Wouldn't that exist for all odd prime values of p excluding 7?? - May 2nd 2007, 06:02 PMThePerfectHacker
Here is my professor's approach to this problem. But based on my commentaries.

The way this problem is actually solved is through a most beautiful result, Quadradic Reciprocity.

I will use the following theorem.

**Theorem:**Let p be an odd prime then (2/p)=1 if p=1,7(mod 8) otherwise (2/p)=-1.

**Proof:**This is a well-known fact, that can be easily be proven with Gauss' Lemma.

Now, I said there are two cases to consider.

1) Both Legendre symbols are 1.

2) Both Legendre symbols are -1.

I shall do case #1 and leave case #2 for you to do.

Throughout this derivation you are expected to know the basic properties of the Legendre symbol.

----

So in case #1 we require that (2/p)=1 and (7/p)=1.
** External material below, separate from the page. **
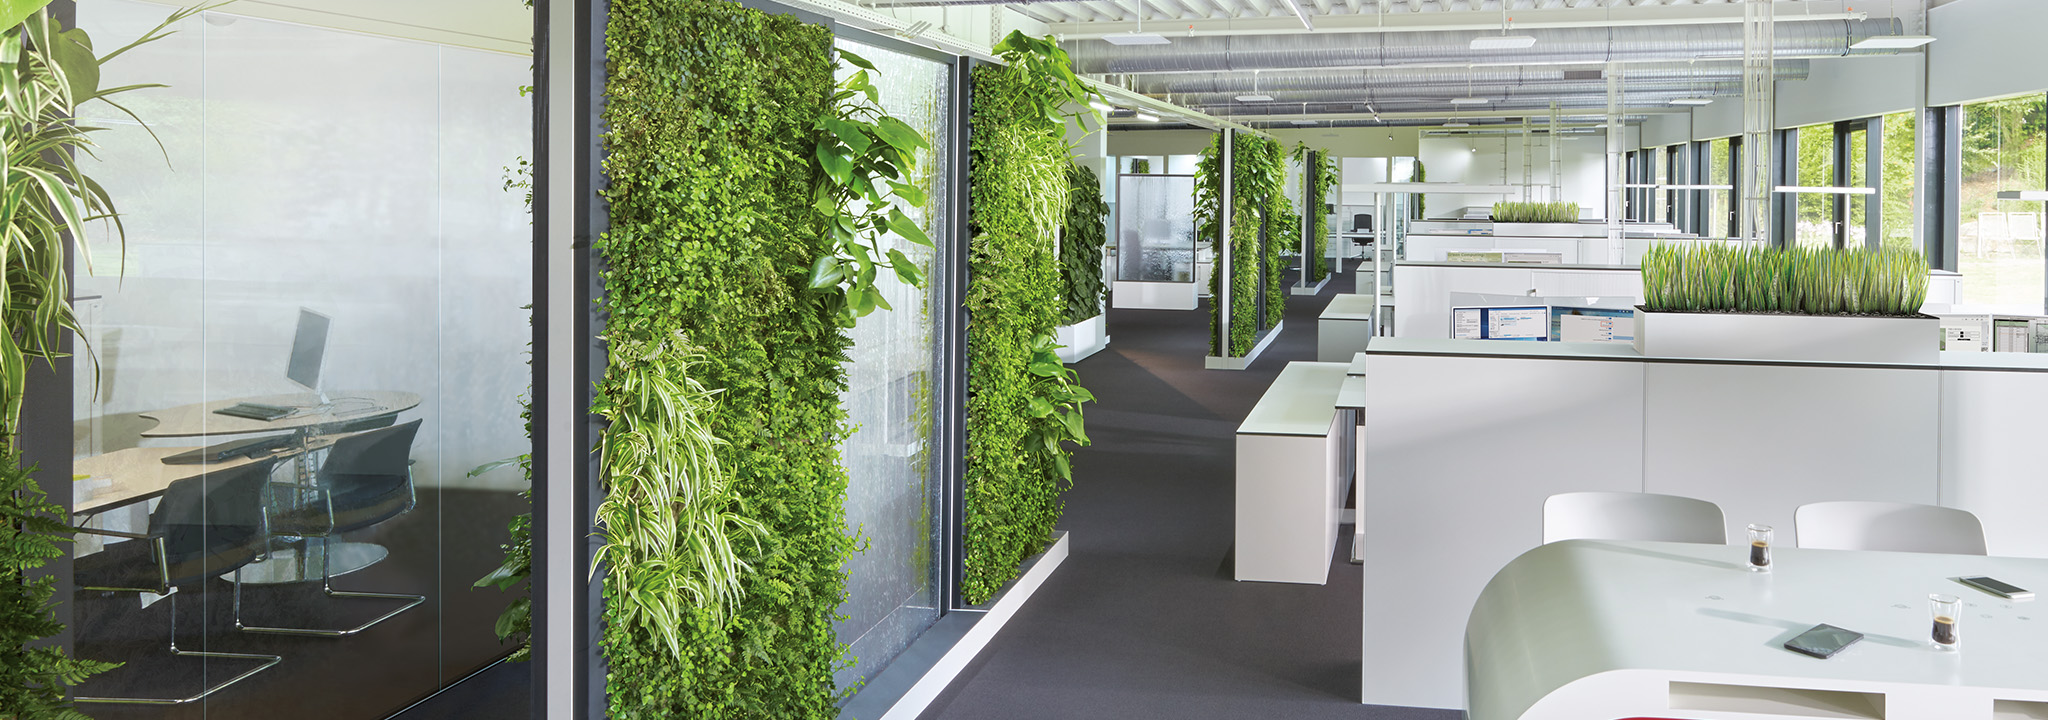 Optimale Flächengliederung durch bepflanzte Trennwände, Schränke, Regale und Sideboards

Note, by theorem, (2/p)=1 for p=1,7(mod 8).

Now, to do (7/p) we will rely on Quadradic Reciprocity.

Thus,

(7/p) = (p/7) if p=1(mod 4).

(7/p) = -(p/7) if p=3(mod 4).

Now let us do the first case first with p=1(mod 4).
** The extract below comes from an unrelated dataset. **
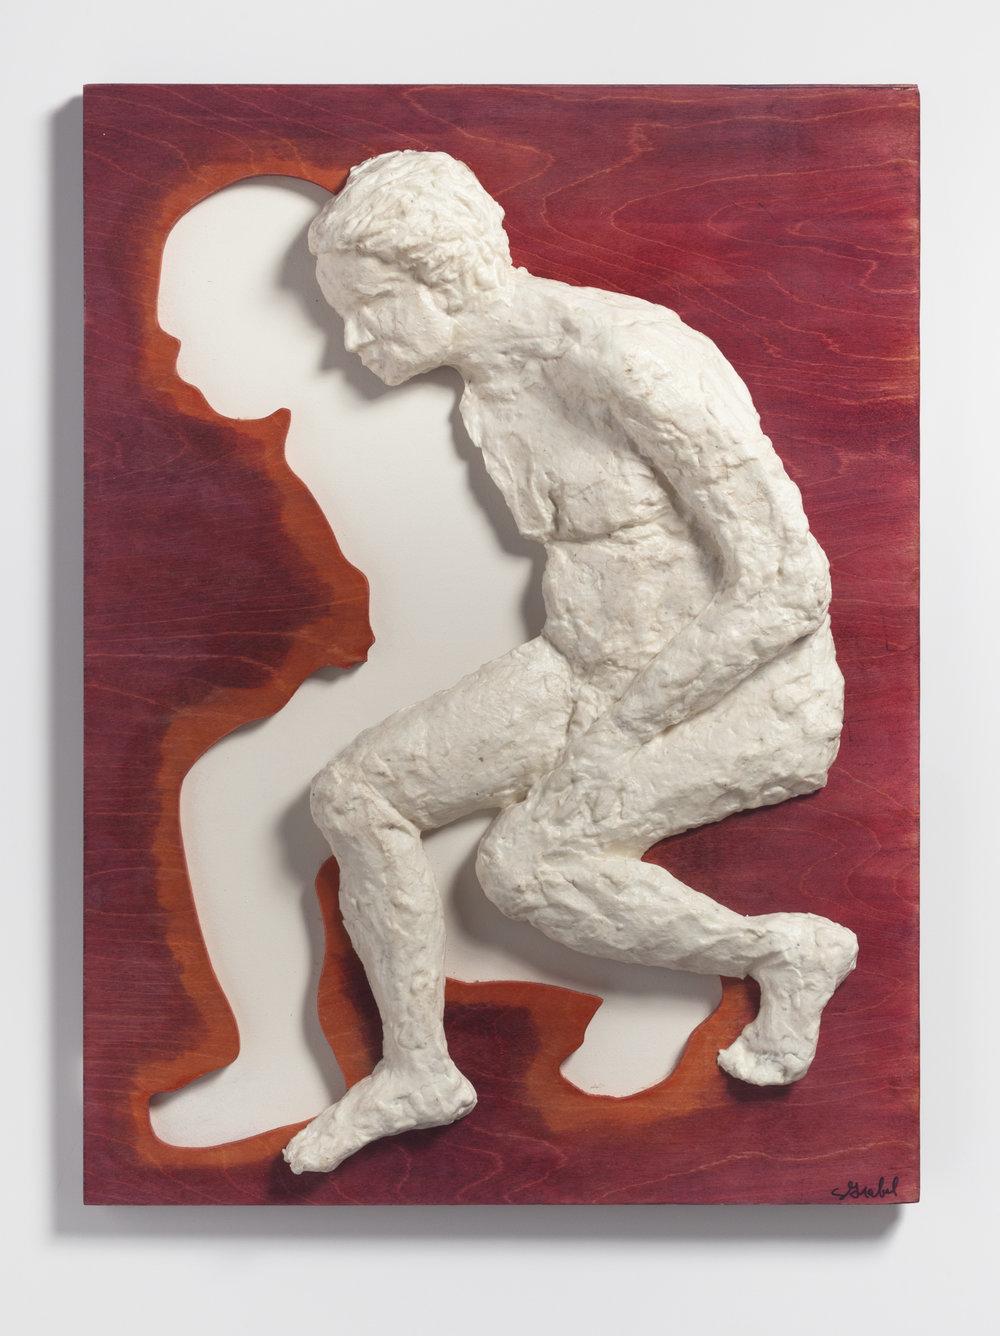 Ceres-Susan Grabel-Movng Forward [DF-MF003]-25x18x3-wood,cast paper-2017-$850.jpg

Under modulo 7, p=1,2,3,4,5,6(mod 7)

Check each one:

(1/7)=1, (2/7)=1 , (3/7)=-1, (4/7)=1, (5/7)=-1, (6/7)=-1

This tells us that if p=1(mod 4).

Then p=1,2,4(mod 7).

And if p=3(mod 4).

Then p=3,5,6(mod 7).

Combining these under the same modulos since gcd(4,7)=1. With Chinese Remainder Theorem.

Thus, p= 1,3,9,19,25,27 (mod 28)

So if you multiply 8k+1,8k+7 with this out you get,

p=1,3,7,9,19,21,25,27,63,133,175,189(mod 224)

And this is**only**the first case.

The second case will produce more prime forms.